I tutaj wychodzi na wierch kolejna słabość filmu. Fabuła (która niestety jest miejscami strasznie niedopracowana przez zwiększoną ilość efekciarstwa) zmierza do nieuniknionego starcia ze Skynetem, które kończy się...rozwaleniem jednej z placówek. Okazuje się,że do końca wojny jeszcze daleko,a Marcus pojawił się tylko po to,aby uratować dwójkę zbawicieli ludzkości. Względem uniwersum - jak najbardziej słuszne, względem widza - już niekoniecznie, bo wychodzi na to, że obejrzeliśmy film tylko po to, aby zobaczyć wesołą nawalankę, parę easter eggów z poprzednich części i usłyszeć o tym, że różnimy się od maszyn, bo mamy serca.

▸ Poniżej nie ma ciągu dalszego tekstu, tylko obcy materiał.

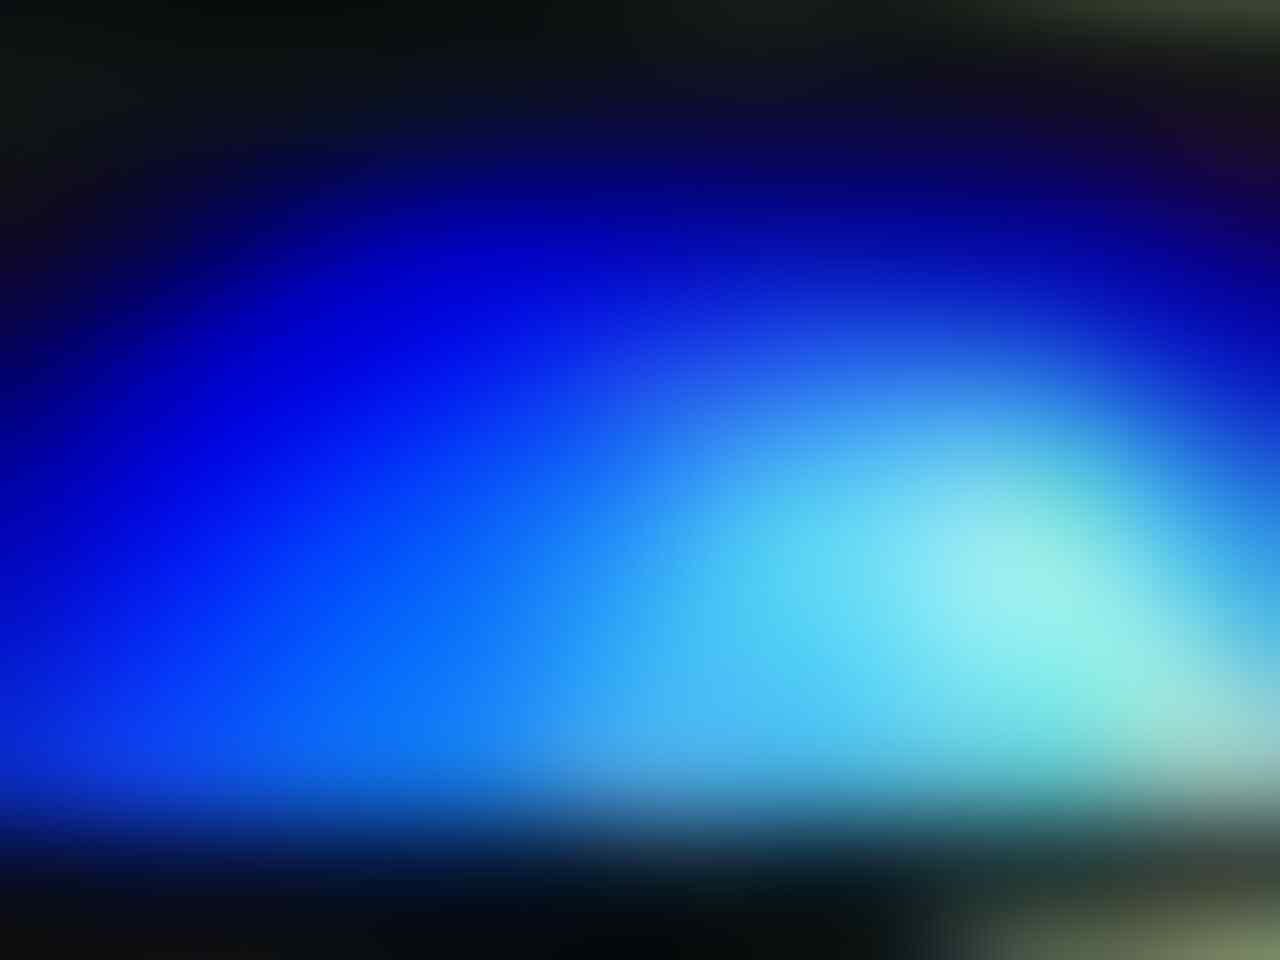 [Help] Repair Start up Windows 7

Przeniesienie akcji w przyszłość jednak nie było tak potrzebne, jak mówiłem o tym po seansie Terminatora 3. A może to wina twórców? Może powinni oni pokazać w końcu zakończenie tego długiego konfliktu, a nie dokładać kolejną cegiełkę od siebie?
Było nieźle, ale uważam, że to, po raz kolejny, niepotrzebna część, która płynie na popularności marki, ale nie rozwiązuje kwestii, które powinny zostać już dawno rozwiązane. Co więcej, nie daje nic w zamian, nic czego bym wcześniej nie widział i o czym bym nie słyszał. Skynet jest zły, ludzie są dobrzy i wszyscy próbują się nawzajem wykończyć.